PROBLEM TO SOLVE:
From the line with "Perineotomi är inget" to the final line of the data below, please write out every line exactly, with no pictures.

DATA BELOW:

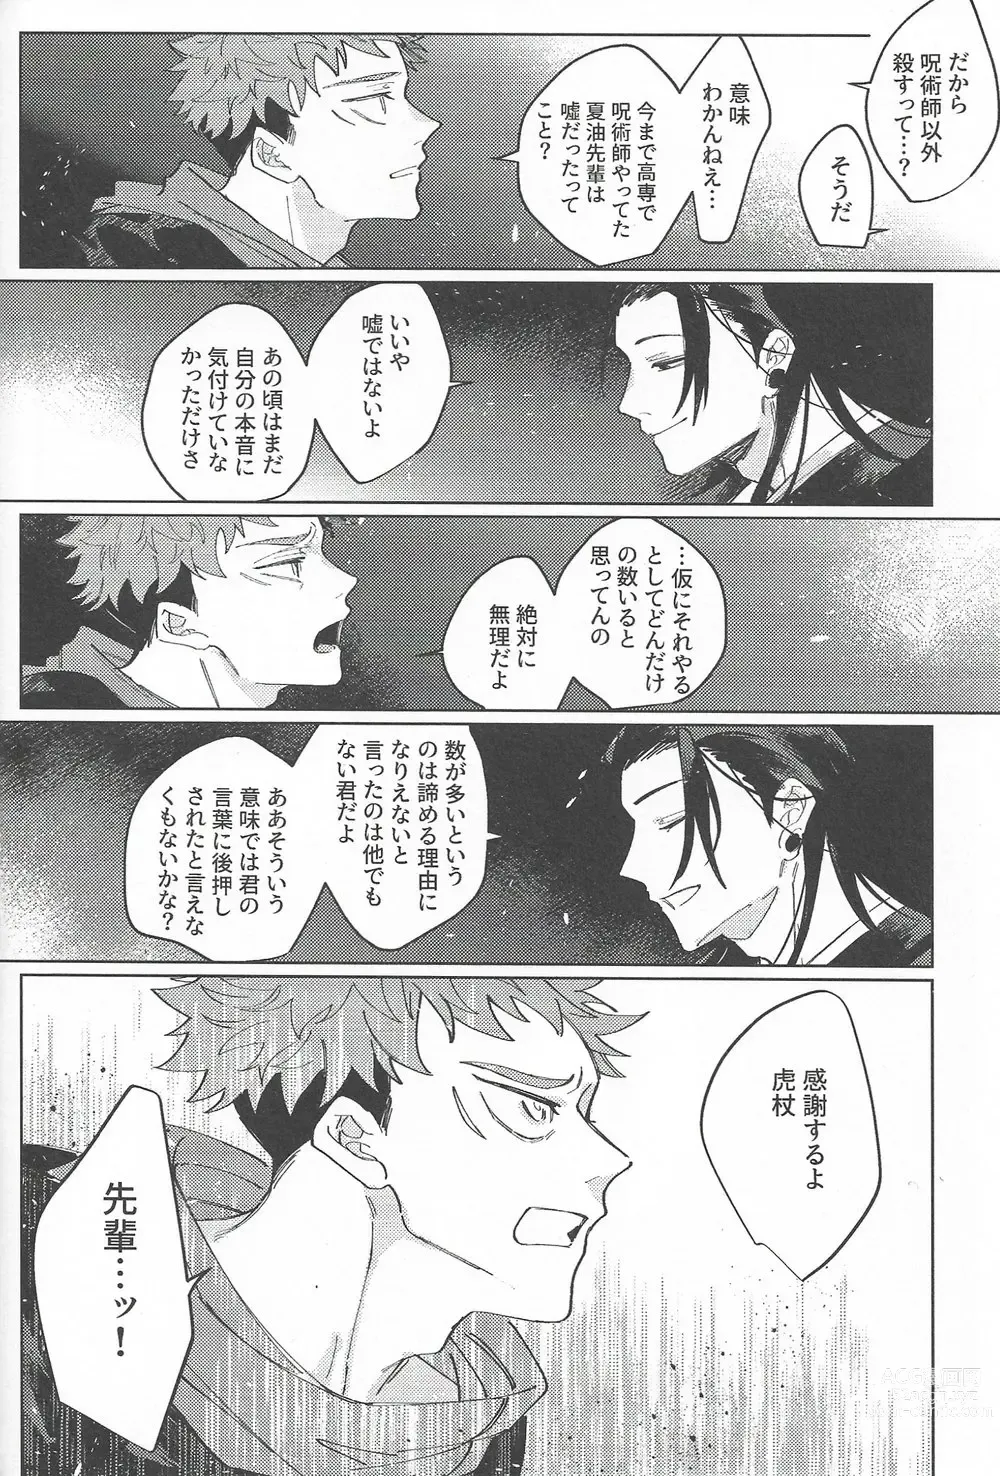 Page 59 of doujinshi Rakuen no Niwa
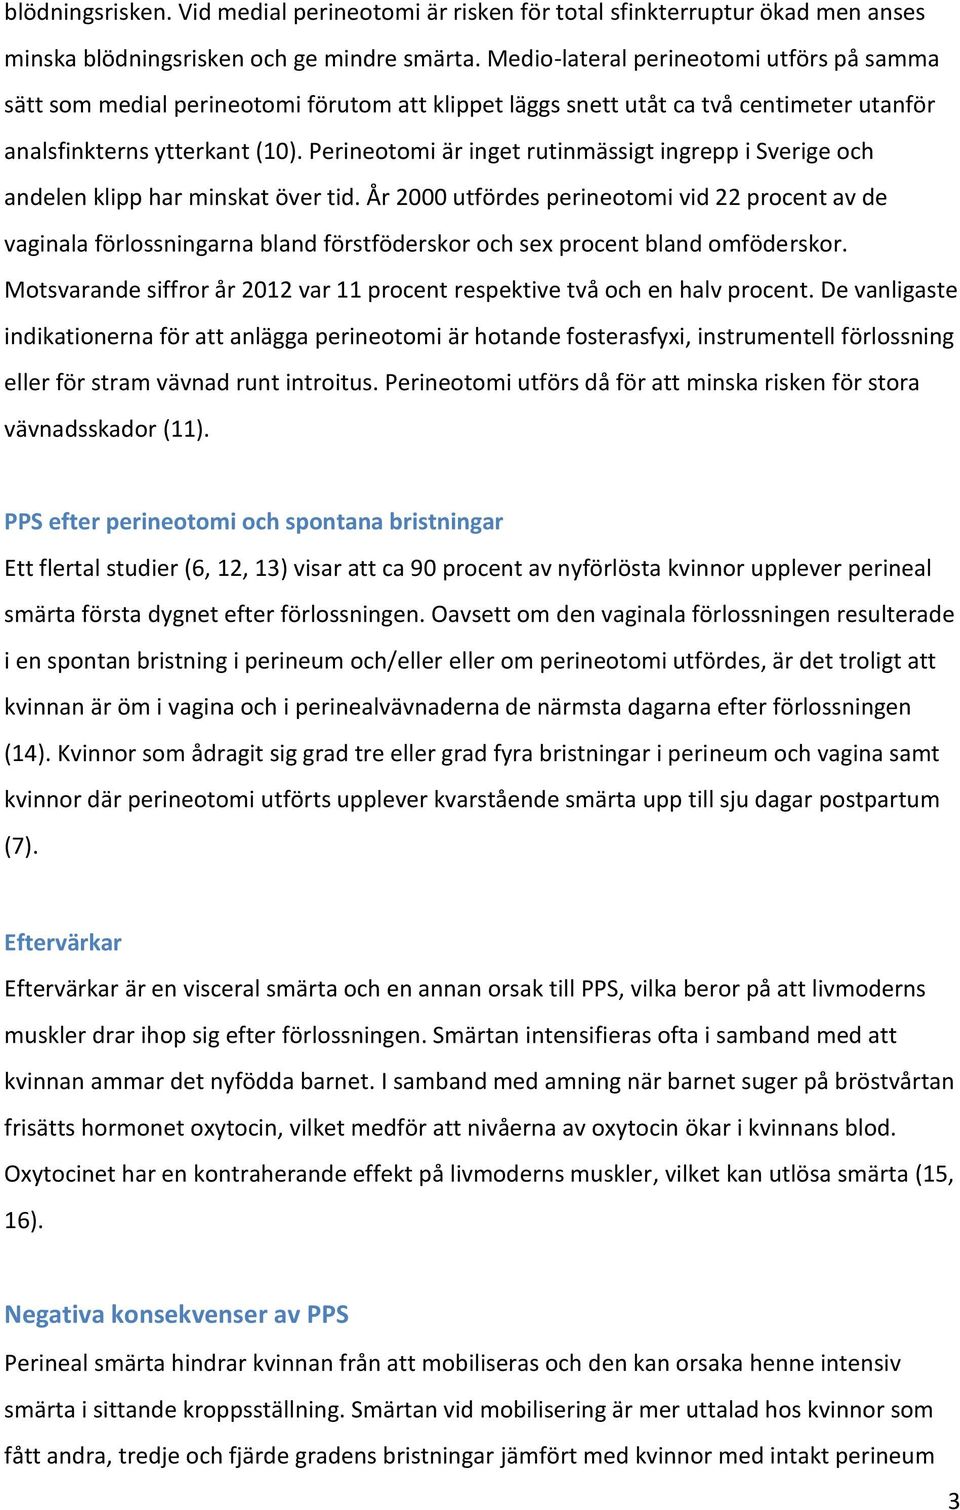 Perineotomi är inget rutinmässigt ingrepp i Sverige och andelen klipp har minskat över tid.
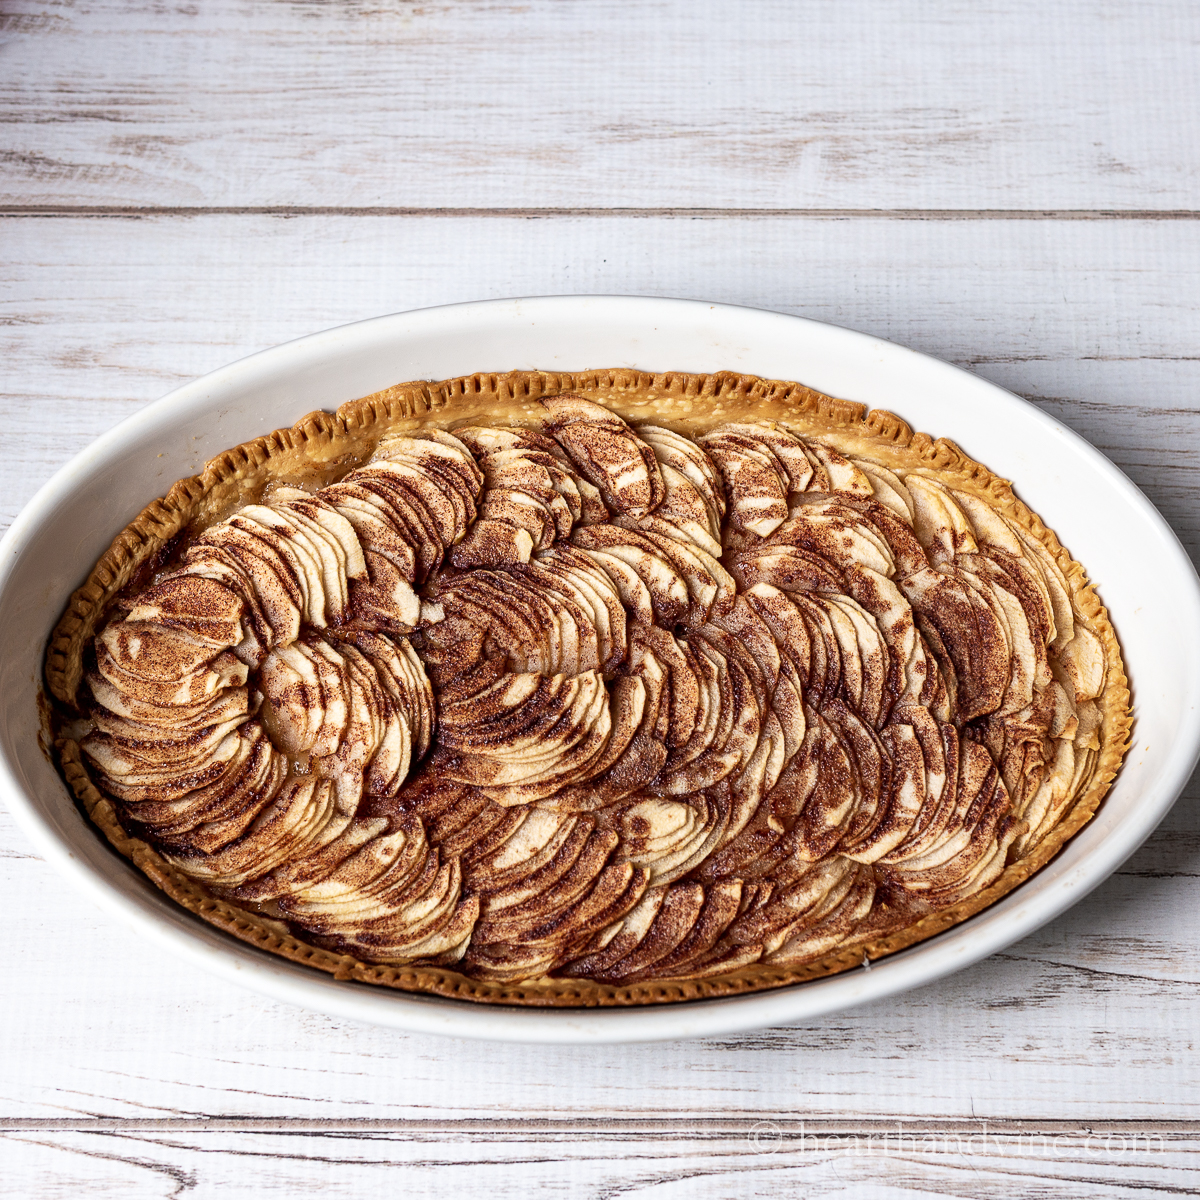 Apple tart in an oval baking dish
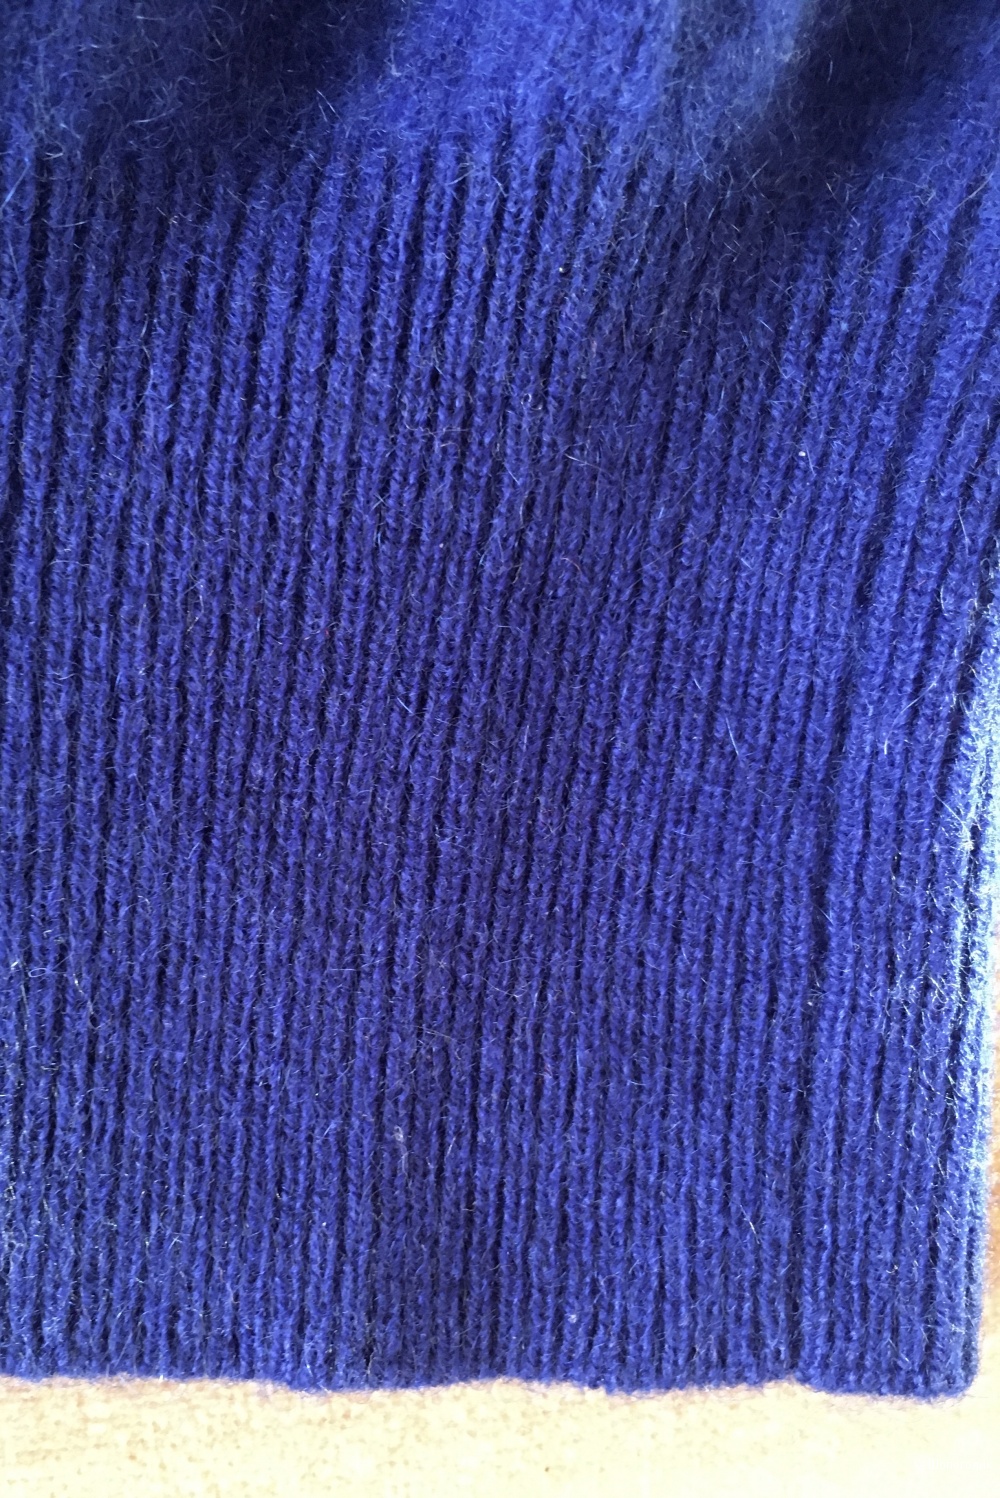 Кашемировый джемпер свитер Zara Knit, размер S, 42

REPLY:
 Perineotomi är inget rutinmässigt ingrepp i Sverige och andelen klipp har minskat över tid.
 Apple tart in an oval baking dish
 Кашемировый джемпер свитер Zara Knit, размер S, 42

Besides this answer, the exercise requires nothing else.